Dijkman et al. [DDO08] present an approach for statically analyzing business
process models defined with BPMN. In this approach mapping rules are defined
for transforming BPMN models into Petri Net models. The authors identified
several issues with the BPMN specification, such as imprecisely defined semantics of
executing a business process with several start events and proper process instance
completion. The obtained Petri Net model is used as input for the ProM tool to
check (1) the absence of dead tasks (i.e., tasks that cannot be executed) and (2) the
proper completion of the business process model (i.e., the state of a process model
in which an end event is reached and no other task is enabled).
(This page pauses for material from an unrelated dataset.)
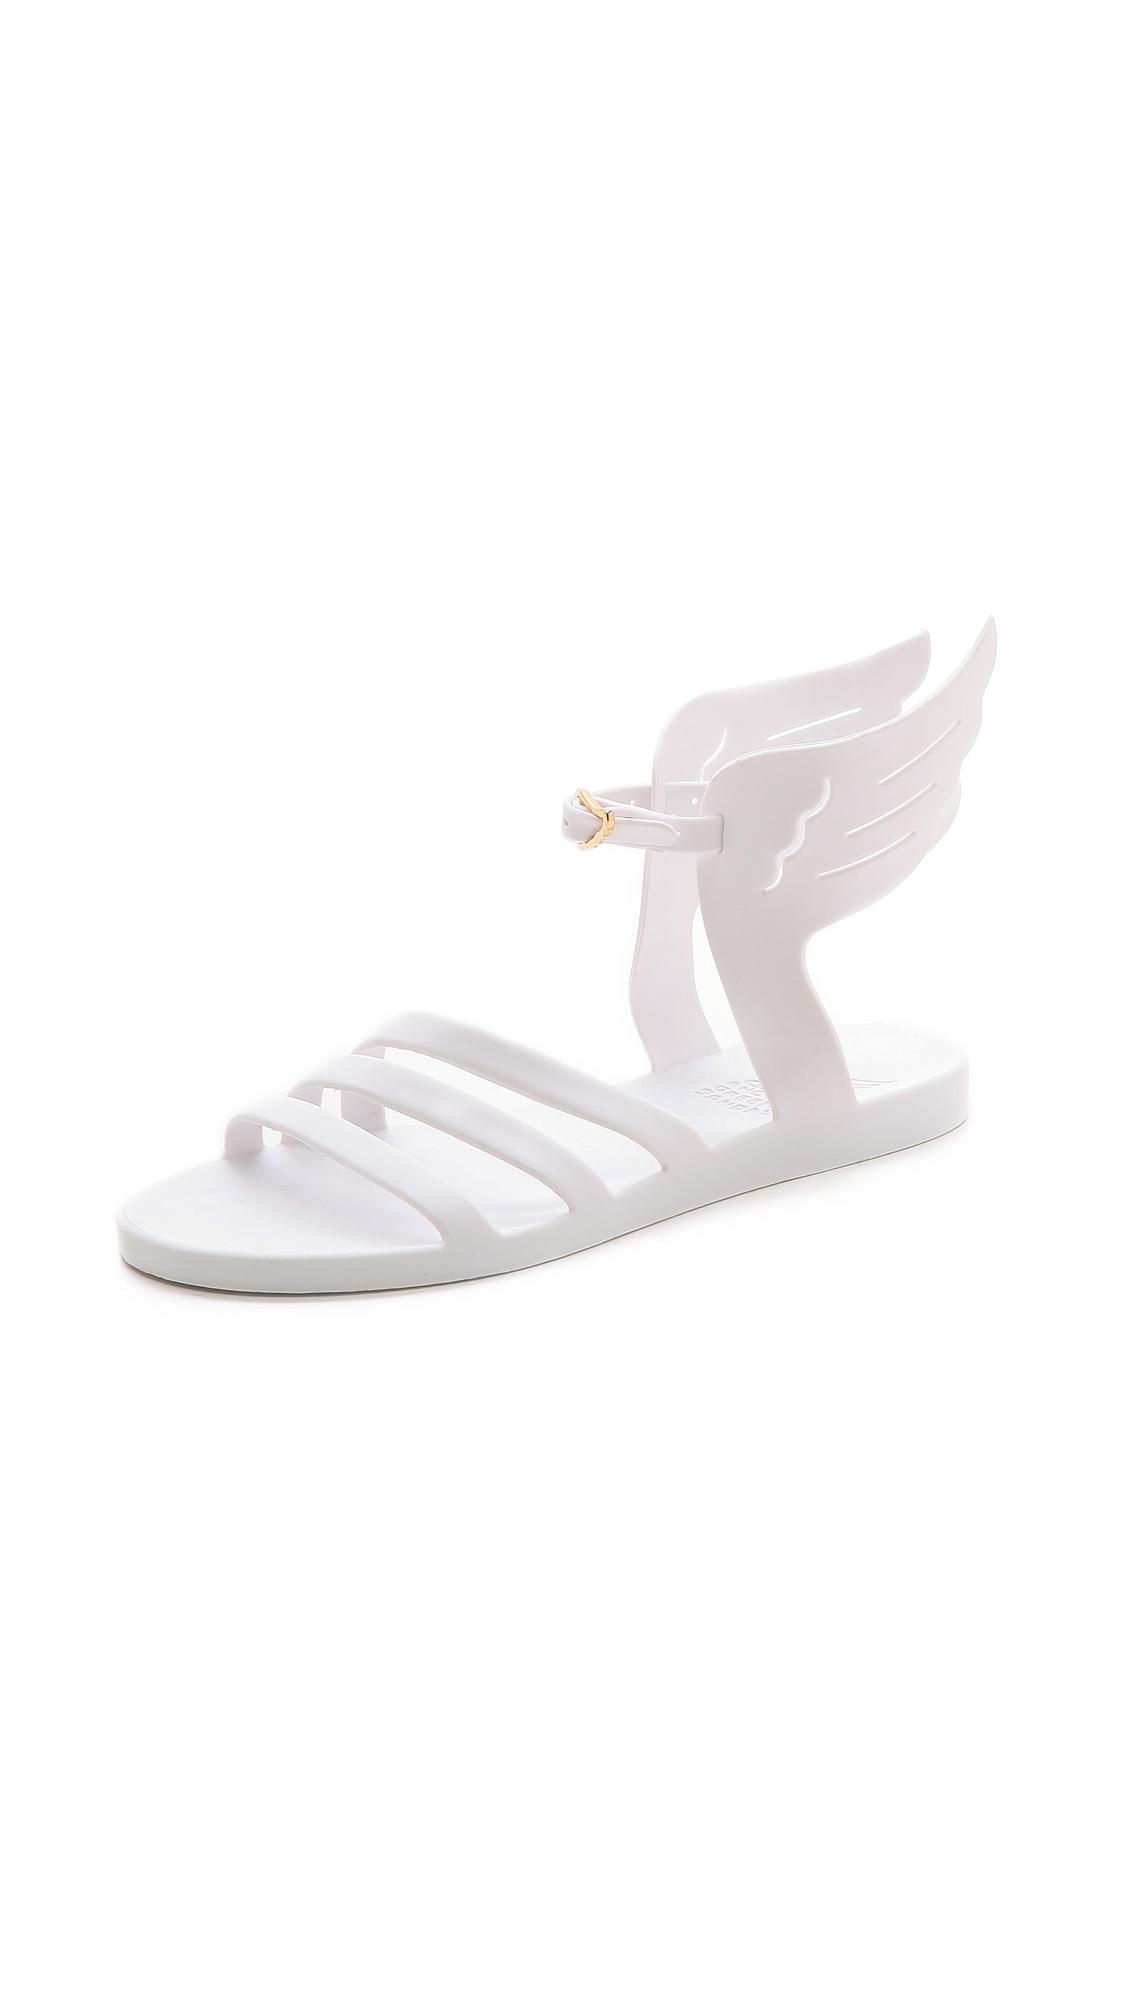 Ikaria JellyShopbop Greek Sandals Wing Ancient bf6gyY7

Another similar approach is described by Raedts et al. [RPU+ 07]. Their approach
is based on translating a BPMN model into an Extended Petri Net model and then
translating the Extended Petri Net model into mCRL2, a process algebraic language,
after which the mCRL2 toolset can be used. Based on this approach, the modeled
business process can be statically analyzed, simulated, or verified, e.g., for analyzing
its performance (e.g., process execution time) and verifying soundness. A process
model is considered sound if each state in the Petri Net can be reached at least
once in one of the possible executions, the final state of the Petri Net is reachable
from any state of the possible executions (deadlock free), and for each execution of
the Petri Net the final state is reachable (proper process completion) [vdA98].
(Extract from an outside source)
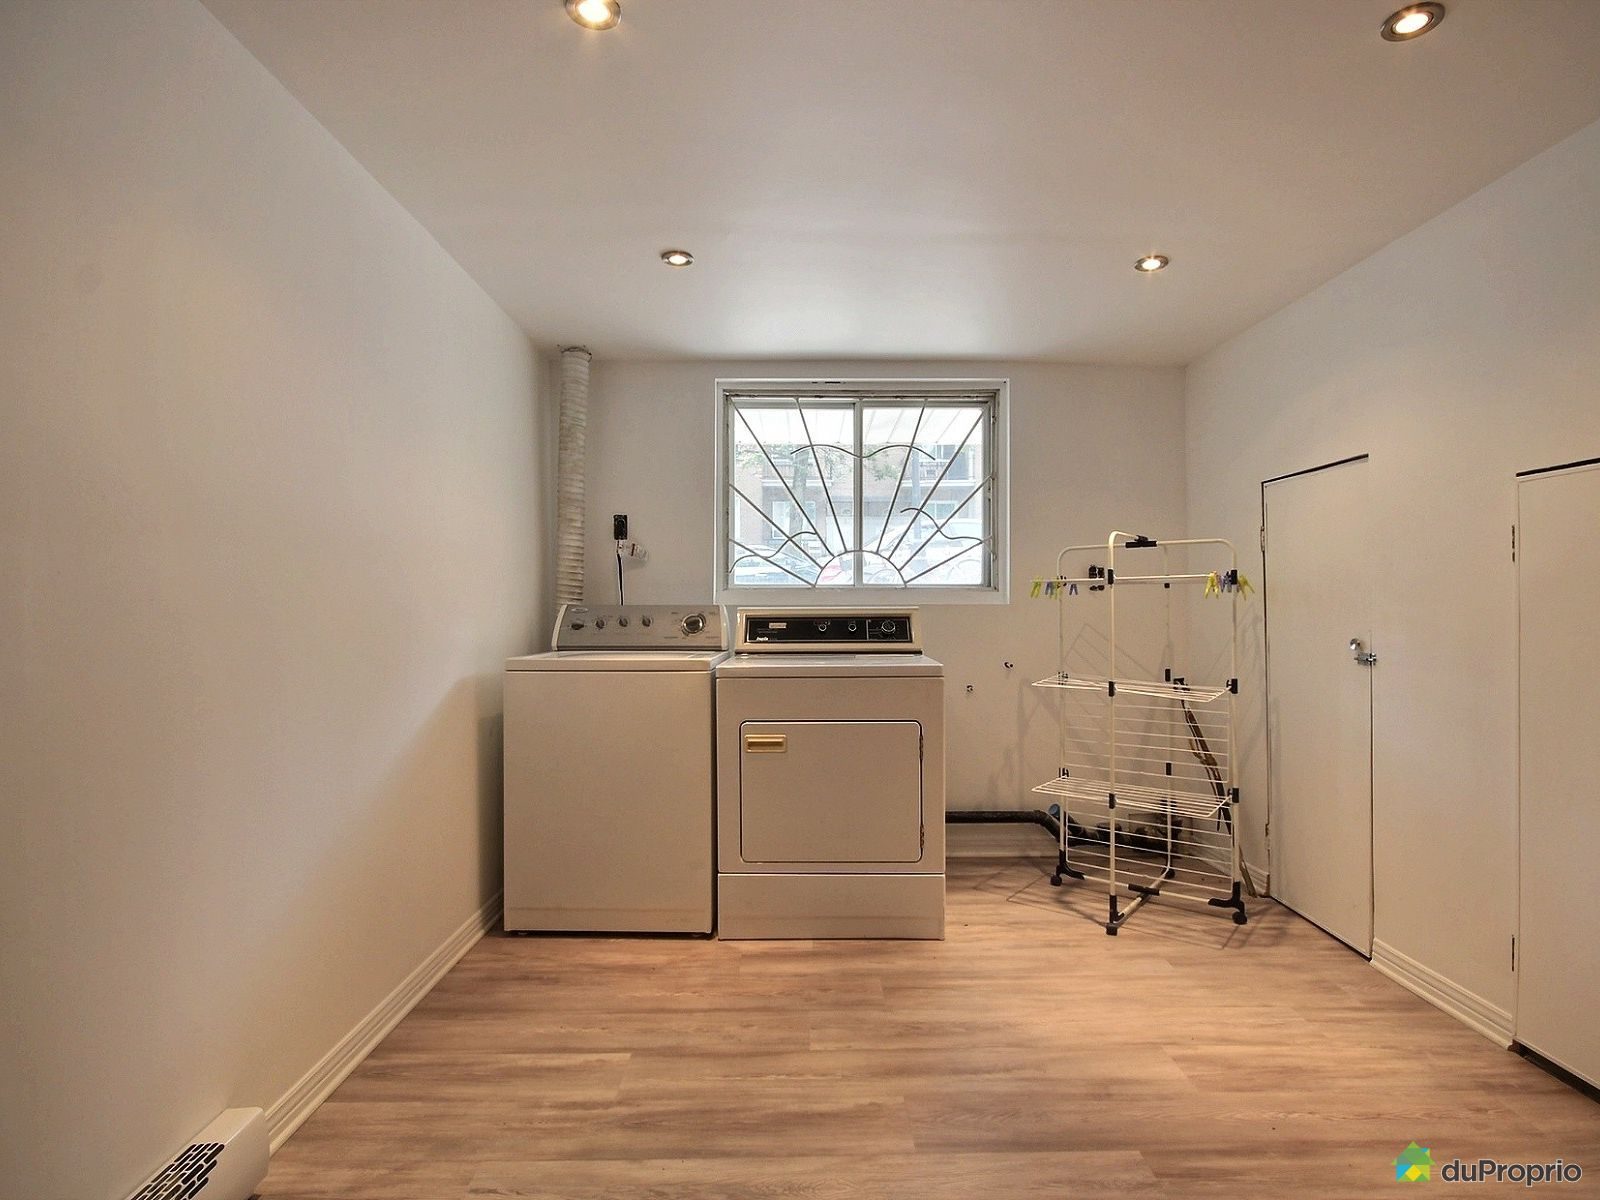 duplex vendre montr al 2725 rue cuvillier immobilier qu bec duproprio 712801. Black Bedroom Furniture Sets. Home Design Ideas

A different approach is presented by Ligeza et al. [LKNP12]. Their approach is based
on leveraging a rule-based system which is implemented in Prolog and composed of
business rules and BPMN models specifying a business process to analyze previously
defined correctness criteria, as well as the correctness of data flows. These criteria
include the correctness of process components (tasks), data flows, splits, merge
nodes, and finally of the overall process.
2.2 UML Activity Diagrams
The Unified Modeling Language (UML) [OMG11b] is a popular modeling language
for specifying structural and behavioral aspects of a software system. The structural
aspects describe the objects that exist in the system, as well as relationships among
these objects. Behavioral aspects define both the history of interactions between
objects over time, as well as the communication of objects to accomplish certain goals.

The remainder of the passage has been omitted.